責任の免除及び責任限定契約(424条〜427条)
(1)424条の全部責任免除の対象が特定責任である場合は、子会社の総株主の同意だけ
でなく、最終完全親会社等の総株主の同意も必要となる(847条の3第10項)。
(2)425条の一部責任免除の対象が特定責任である場合は、子会社の株主総会決議だけ
でなく、最終完全親会社等の株主総会決議も必要とされることになる(425条1項かっこ
書)。
(3)426条の取締役等による免除に関する定款の定めについては、定款の定めを設ける
こと自体は、子会社の株主総会決議のみで足りる。他方、子会社の総株主、最終完全親
会社等の総株主のいずれかで議決権100分の3以上の議決権を有する株主が異議を述べた
場合、責任免除が認められない。
(4)427条の責任限定契約を締結する場合は、子会社の株主総会で足りる。他方、株主
総会における一定事項の開示については、子会社だけでなく、最終完全親会社等の株主
総会でも必要となる。
7.
訴訟参加等
(1)責任追及の訴えの場合、最終完全親会社等の株主も、共同訴訟人または補助参加人
として、訴訟参加することができる(849条1項、847条の4第2項)。

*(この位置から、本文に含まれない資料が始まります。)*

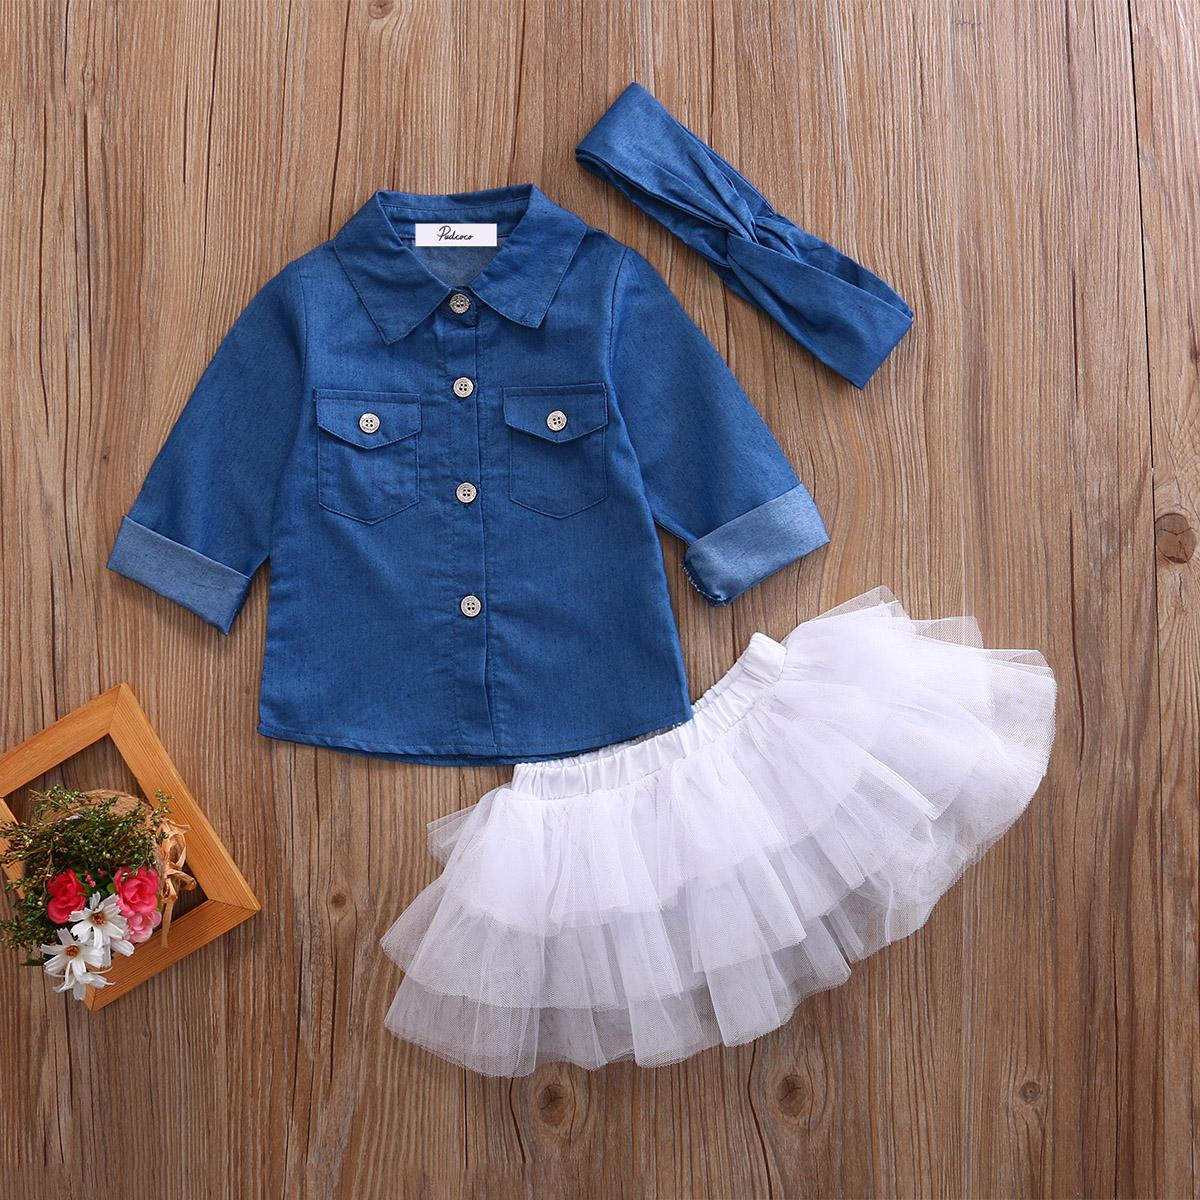 0-5a enfant nouveau enfants bébé filles infantile à manches longues denim tops shirt + tutu jupes dress + bandeau 3 pcs jeans tenues vêtements set 6

また、最終完全親
会社等自身も、補助参加することができる(849条2項2号)。
(2)訴訟告知の通知や公告についても、最終完全親会社等の株主に配慮した規制がある
(849条4項、5項、7項)。
最終完全親会社等の株主から訴訟告知を受けた子会社は、訴訟告知を受けた旨の公告
と通知を、最終完全親会社等に対しても行う義務がある(849条5項、7項)。そして、
最終完全親会社等は、最終完全親会社等の株主に公告と通知をする義務を負う(849条
10項2号)。
8.
他の制度への影響
最終完全親会社等の株主の権利の行使に関しても、利益供与が禁止される(120条1
項)。特定責任追及の訴えにつき利益供与がなされることを防止するためである。